Simulated Annealing for optimization
"""
def __init__(self, objective_func, bounds, T_initial=100, T_final=1e-3,
alpha=0.95, constraints=None, maximize=False, seed=42):
"""
Args:
objective_func (callable): f(x) -> float
bounds (list of tuples): [(x1_min, x1_max), ...]
T_initial (float): Initial temperature (10-1000)
T_final (float): Final temperature (0.001-0.1)
alpha (float): Cooling rate (0.85-0.99)
constraints (list): [g1(x), g2(x), ...] where g(x) <= 0
maximize (bool): If True, maximize; else minimize
seed (int): Random seed
"""
self.objective_func = objective_func
self.bounds = np.array(bounds)
self.n_dim = len(bounds)
self.T_initial = T_initial
self.T_final = T_final
self.alpha = alpha
self.constraints = constraints if constraints else []
self.maximize = maximize
np.random.seed(seed)
# Initialize solution
self.current_solution = np.random.uniform(
self.bounds[:, 0],
self.bounds[:, 1]
)
self.current_fitness = self._evaluate_fitness(self.current_solution)
self.best_solution = self.current_solution.copy()

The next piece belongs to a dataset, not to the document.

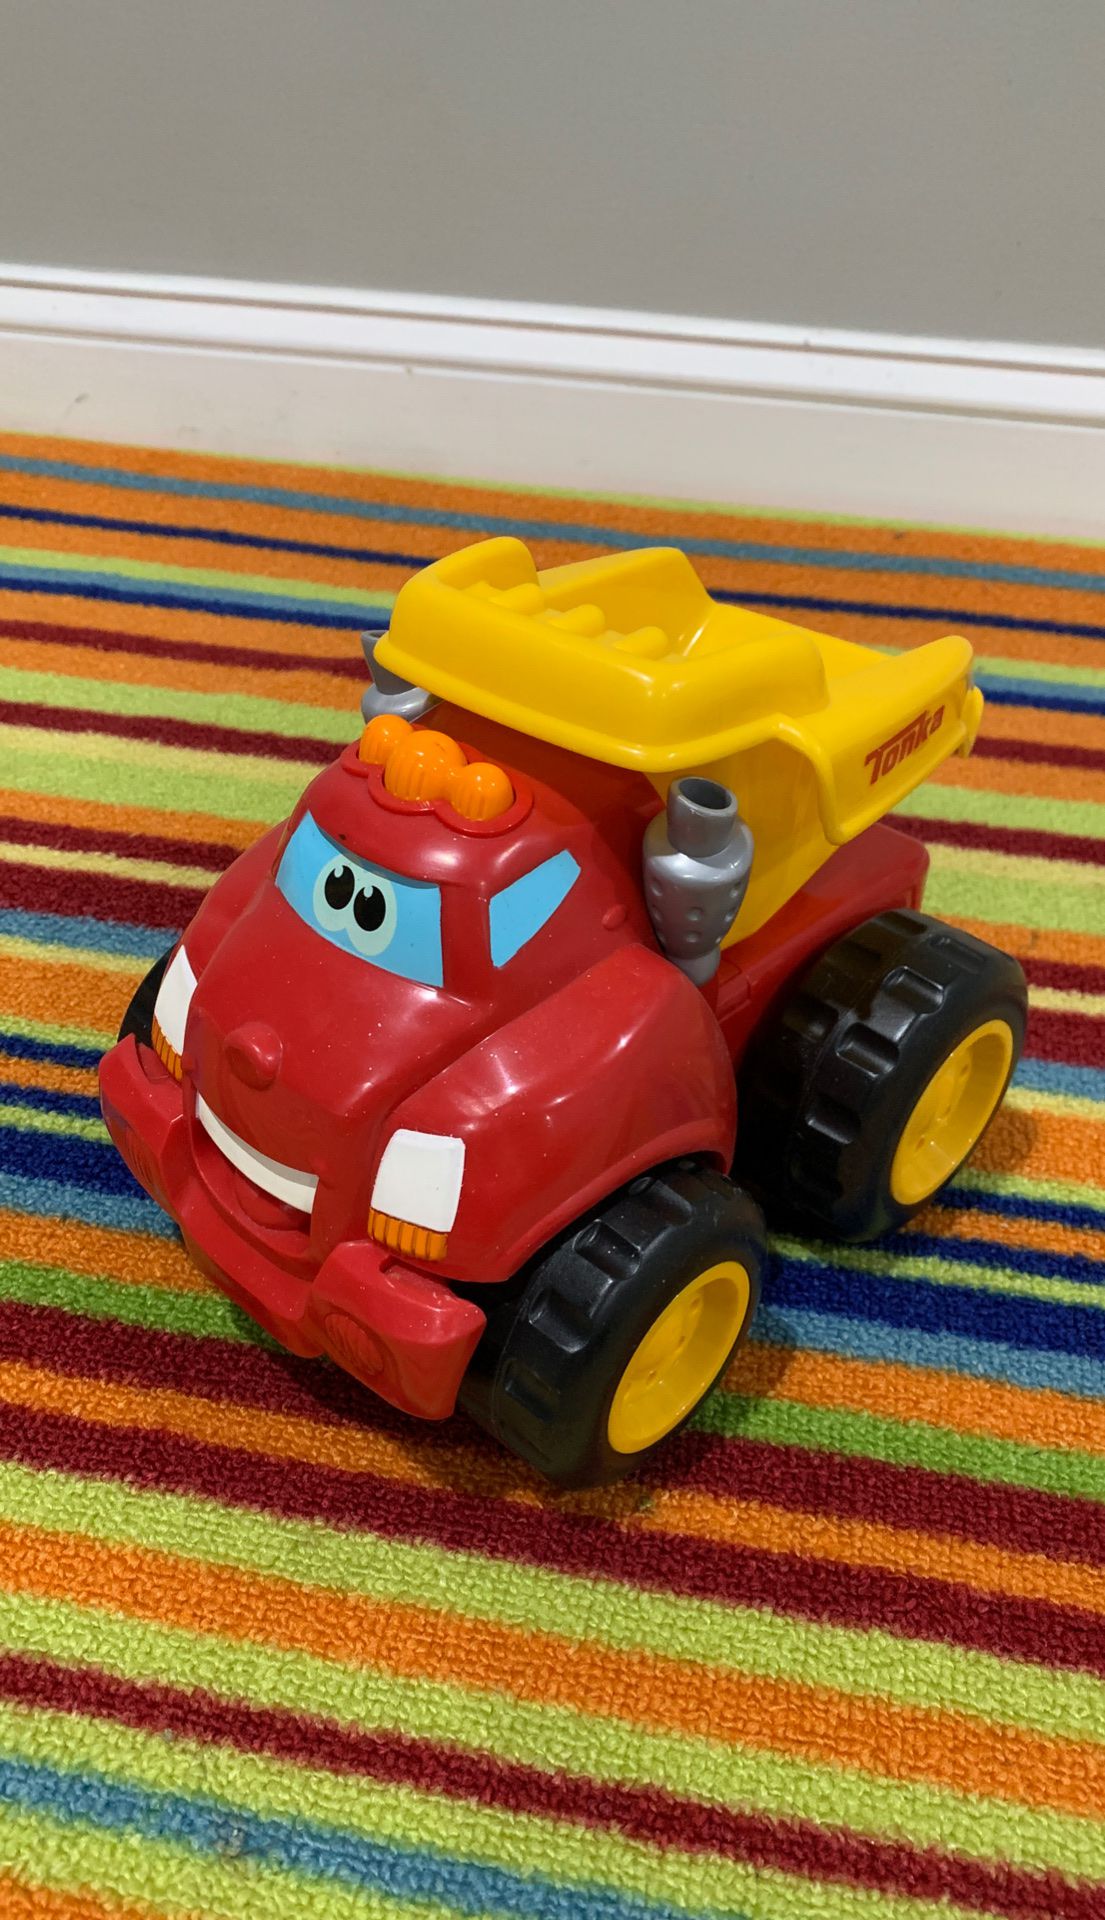 Baby toy dump truck

self.best_fitness = self.current_fitness
# History tracking
self.best_fitness_history = []
self.current_fitness_history = []
self.temperature_history = []
self.acceptance_rate_history = []
def _evaluate_fitness(self, solution):
"""Evaluate fitness with constraint penalty"""
# Base objective
f = self.objective_func(solution)
# Constraint penalty
penalty = 0
for constraint in self.constraints:
violation = max(0, constraint(solution))
penalty += 1000 * violation**2
# Convert to minimization
if self.maximize:
f = -f
return f + penalty
def _generate_neighbor_gaussian(self, x, T):
"""
Generate neighbor using Gaussian perturbation
Step size adapts with temperature
"""
# Adaptive step size (decreases with temperature)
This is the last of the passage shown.